Under normal circumstances, of course, the private sector, not the government,
should bear such risks. One day, we will get back to that. But for now, risk premiums in
most financial markets are wildly high, and some markets have almost ceased to function.
As long as such abnormal conditions persist, the government is right to step in to provide
the risk-bearing services that no one else seems willing to provide. The central idea
behind the TALF, for example, is for the Fed to nurse one moribund market after another
back to health—as it has already done with commercial paper—and then withdraw.

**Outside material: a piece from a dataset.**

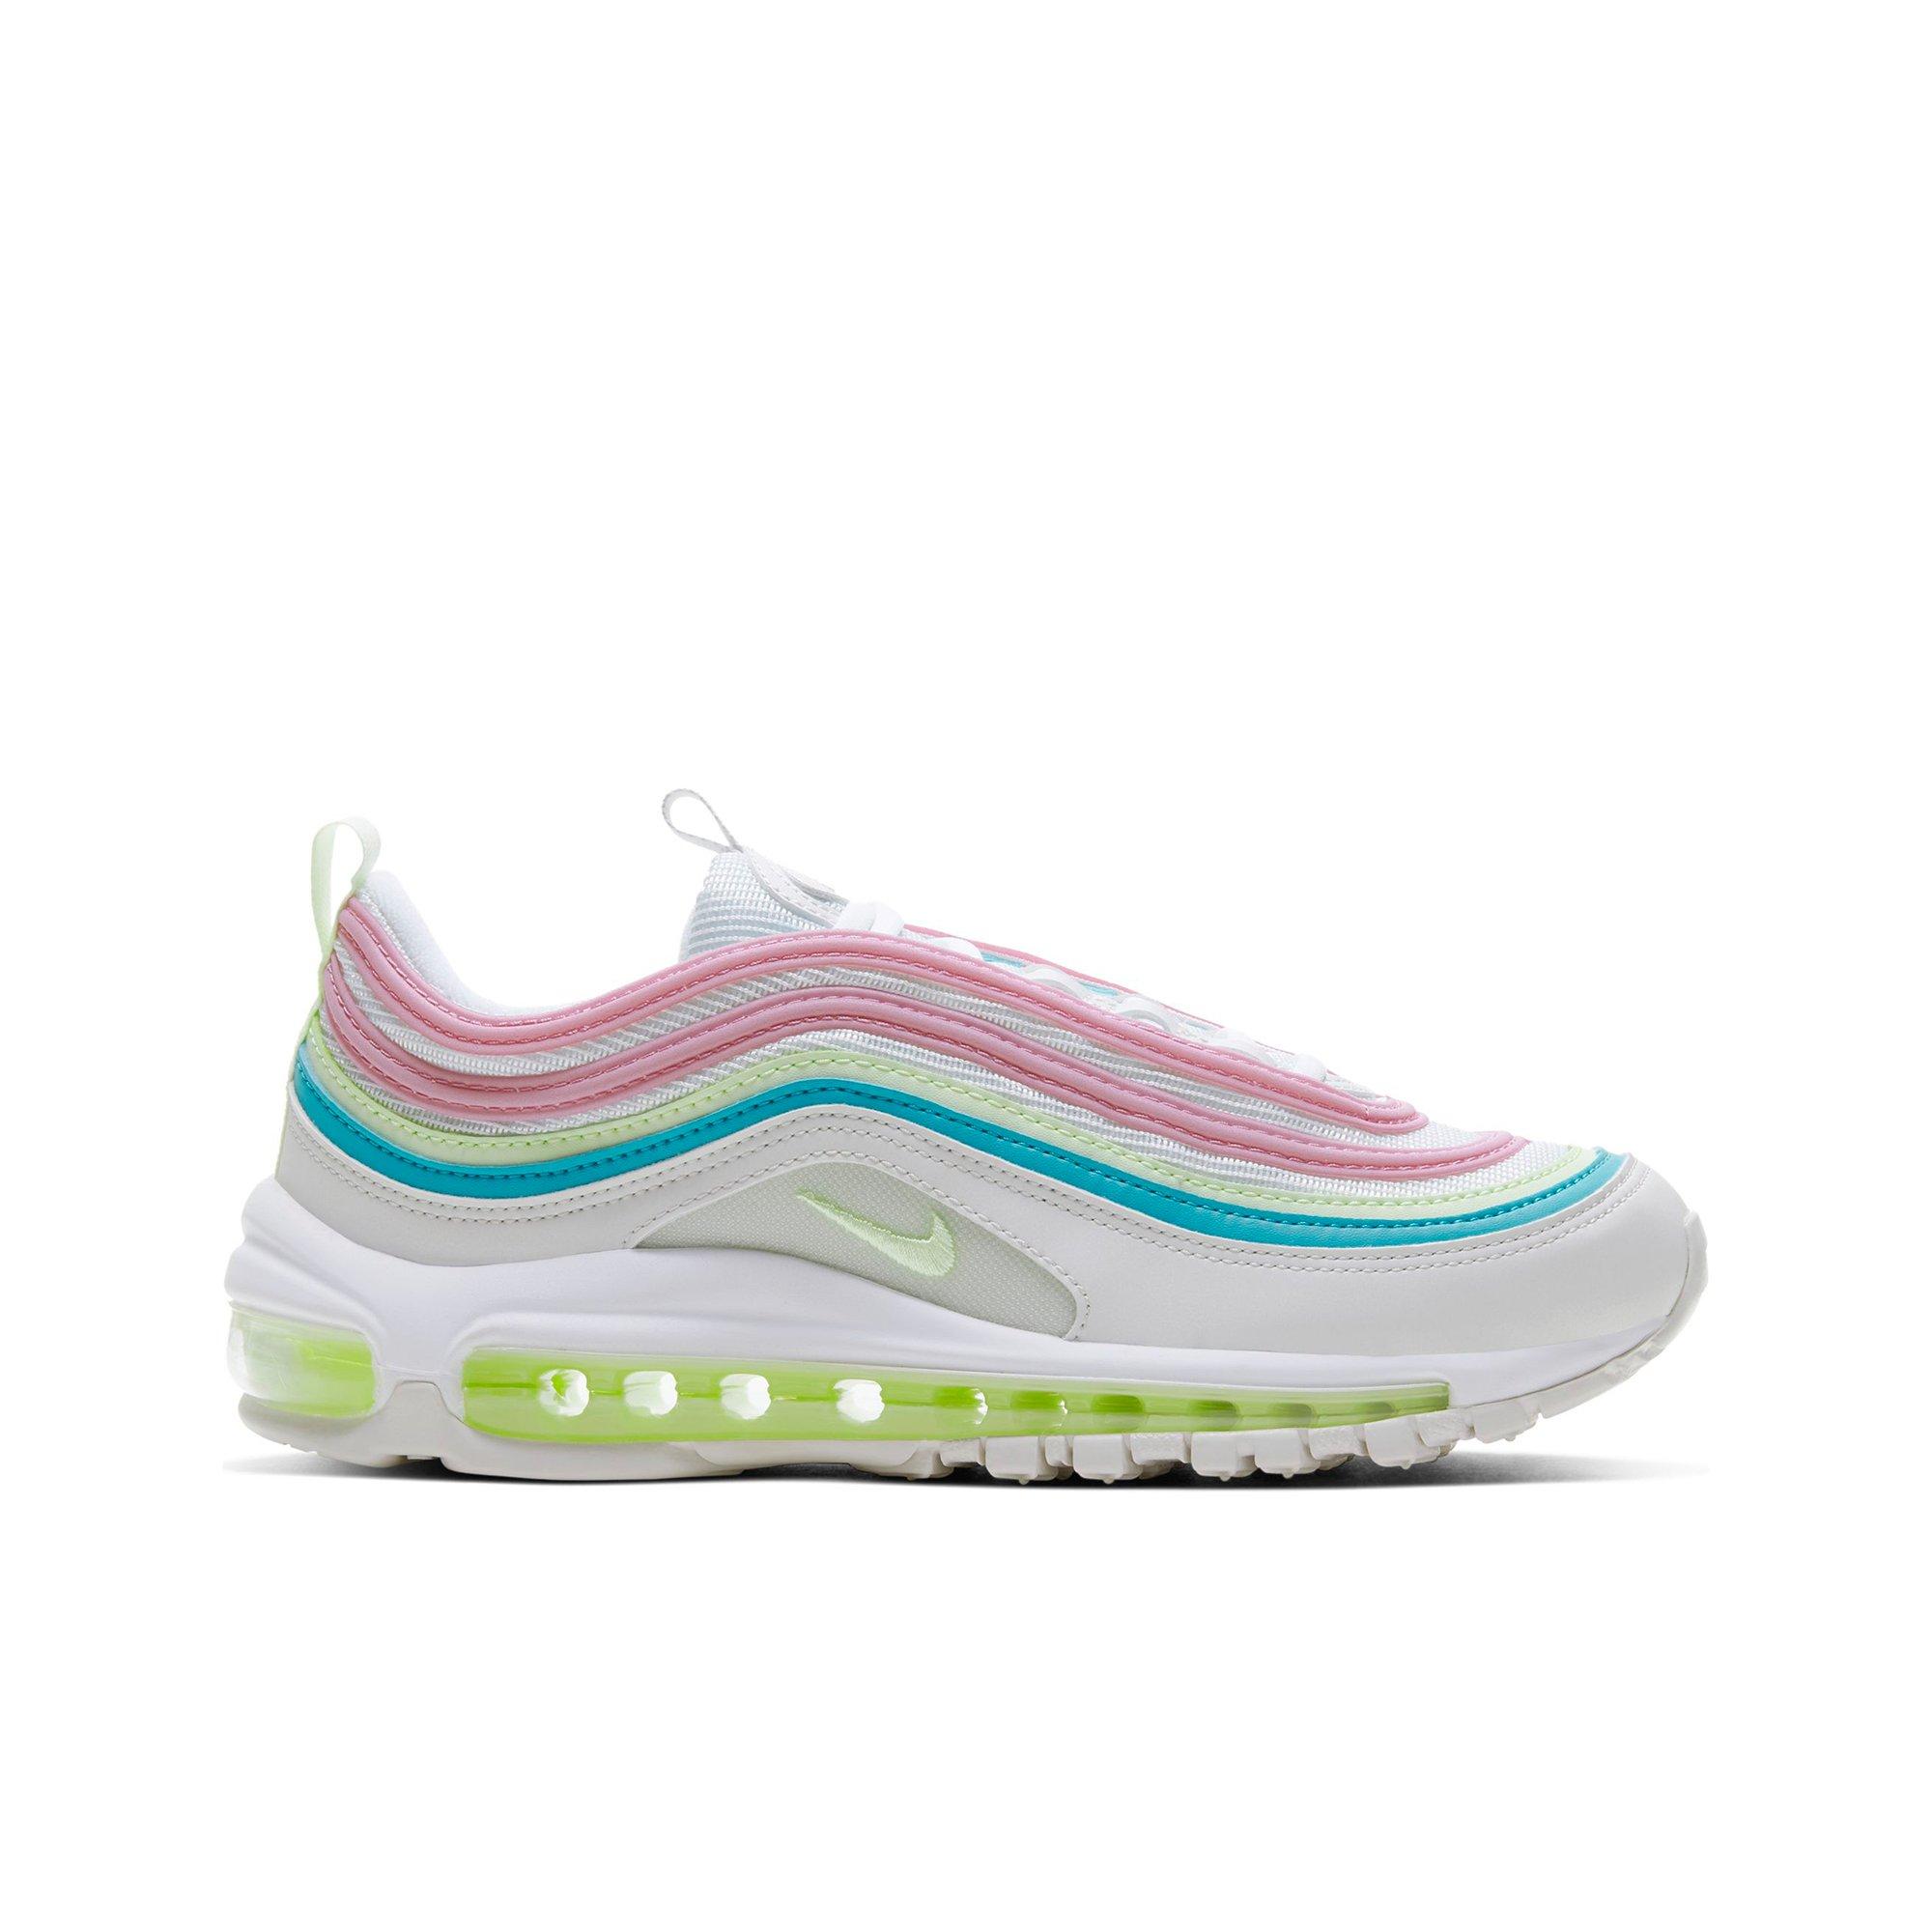 air max 97 white blue and pink

I think that's the right thing to do, and I'd like to contrast it with the idea of buying
longer-term Treasury notes and bonds. To be sure, buying long bonds would be on
anybody's list of possible quantitative easings, once the federal funds rate is driven to
zero. And Chairman Bernanke has mentioned doing precisely that, though not in
yesterday's testimony. I must say, however, that I don't understand what purpose would
be served by buying long-term Treasuries now. Today's problem is not that the yield
curve is too steeply sloped; in fact, a steep yield curve probably helps recapitalize banks.
The problem, as I have just mentioned, is that various risk premiums are way too high.
And I don't see how buying riskless Treasury bonds will help that.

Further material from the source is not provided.